# walstad question



## shinycard255 (Sep 15, 2011)

Don't worry about PH so much. Don't try to alter your PH as that can bring on algae.

I have a 1G bowl that has MG capped with PFS. I let the bowl sit for a good 4 weeks before putting any living creatures in. Ever since it's been up and running, I've done minimal water changes on it and only top off as needed.

Just let the tank sit and everything will be fine in the long run


----------



## Qwedfg (Mar 7, 2012)

Thanks for the reply

I was not planning on adding anything for another week or two. My stocking plans for this tank are a neocardina species to be named later (tough decision). I have never kept freshwater shrimp before so I am a little apprehensive about making sure I get it right.

Does anyone have any experience or know a good thread about someone growing HC in a walstad bowl. I have seen a page in which Diania Walstad tries it out and has success as well as a bowl on here that seemed to have some surviving at least. I have had some HC growing in an emersed setup for a while now and would like to put it to some use. If this is possible I was wondering what type of lighting you would recommend. Right now I am just using the stock lamp that came with the evolve 2 gallon for moss and duckweed but its pretty wimpy.

edit

Seems people are successfully growing HC in NPT..found this http://www.aquaticplantcentral.com/forumapc/el-natural/48757-walstad-nano-iwagumi.html


----------



## Willamette (Jun 19, 2012)

I think I too read the article about the emersed start HC for the shrimp. She is getting her CO2 via the decomp of the soil, and I think was still using moderate light. The trick was the floating plants, I think. 

And ya, don't worry so much about the pH. Eventually it'll settle where it settles, and especially with such a small volume of water actually trying to manage it is self defeating.


----------



## Qwedfg (Mar 7, 2012)

So I went ahead and planted some hc, DHG and microsword as well as upgraded my lighting to a 15w CFL about 4 inches above the waterline. I have been dosing 6 drops of excel per day and 1 or 2 drops of flourish comp every other day. Too soon to tell whether its going to work or not. I do think the duckweed is going to be key. In my high tech tank my nitrates are always zero (was starting to think test was broken...) so when I tested this one and saw orange for the first time I went ahead and added some more duckweed  . Hopefully there will be no algae, I got a 10w light as well in case 15 is too much.

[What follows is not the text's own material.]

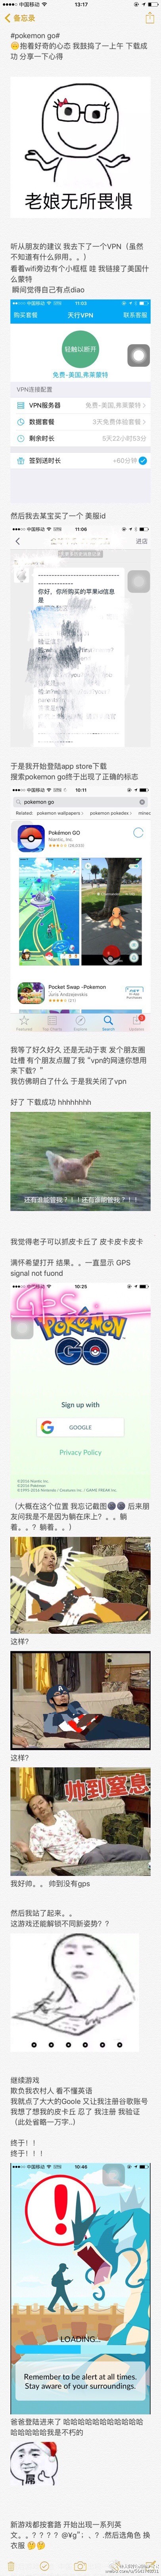 段子频出 Pokemon Go全球玩家逗趣反应合集
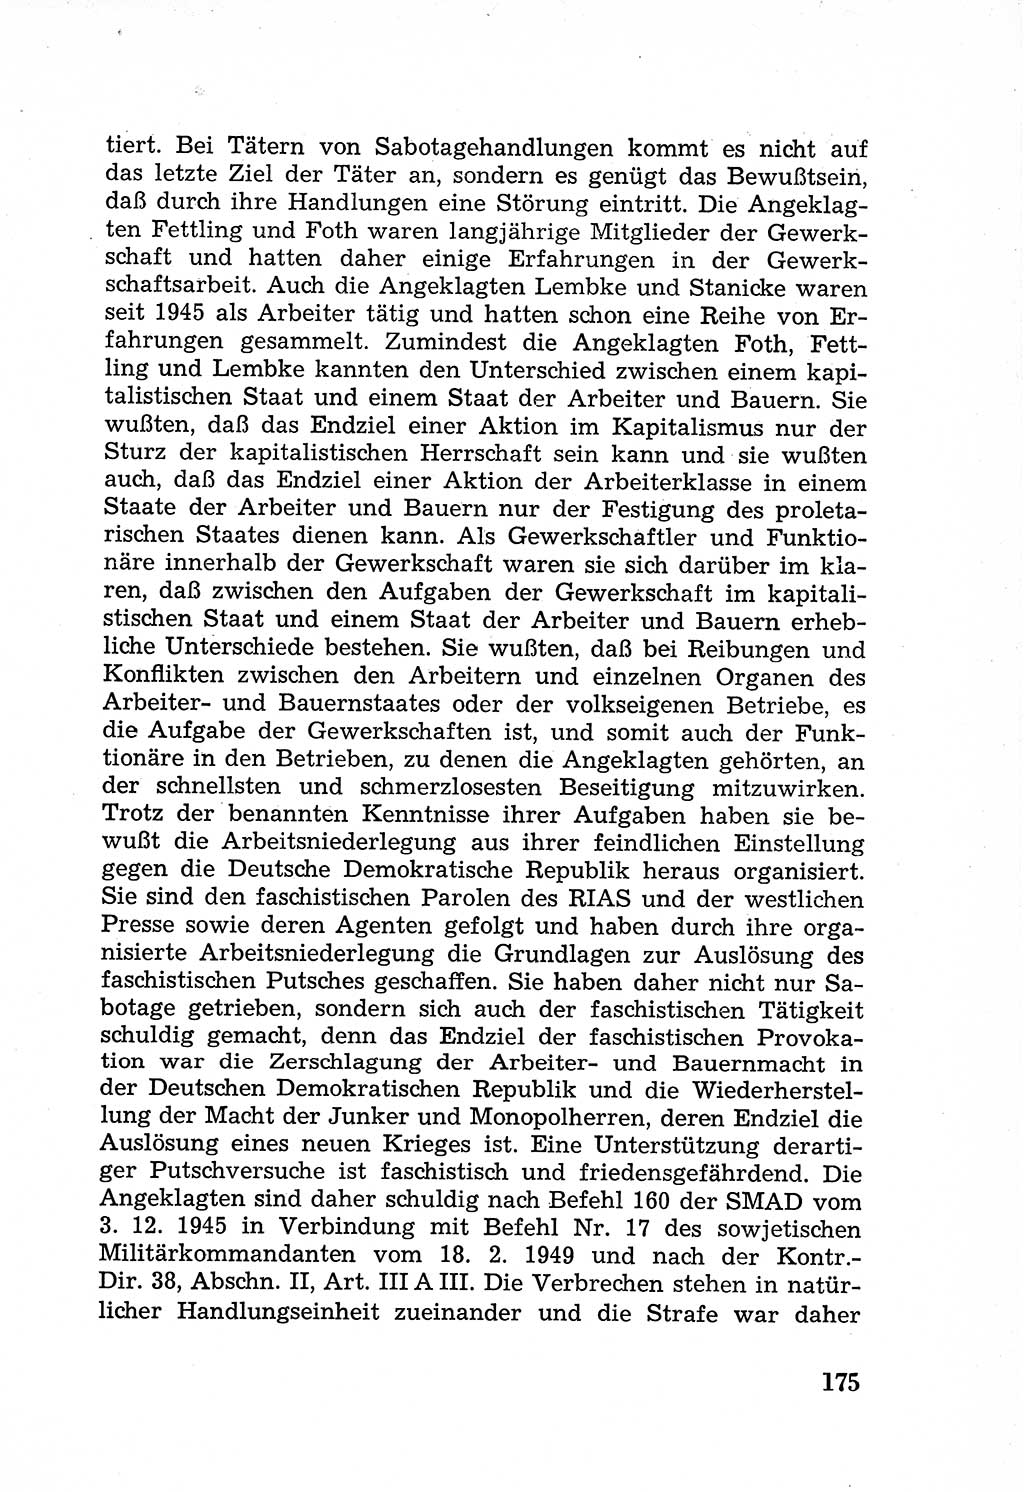 Rechtsstaat in zweierlei Hinsicht, Untersuchungsausschuß freiheitlicher Juristen (UfJ) [Bundesrepublik Deutschland (BRD)] 1956, Seite 175 (R.-St. UfJ BRD 1956, S. 175)

I will also wait out the pH and not worry about it so much. I have read people keeping RCS in pretty high pH so Im not that worried. I think I might give the tank more time than I expected so the HC can root and to see where the pH goes. I did some reading and it seems that I was correct in my assumption that the pH will go down as the soil starts to kick in. From what Ive read this can take a couple weeks.


----------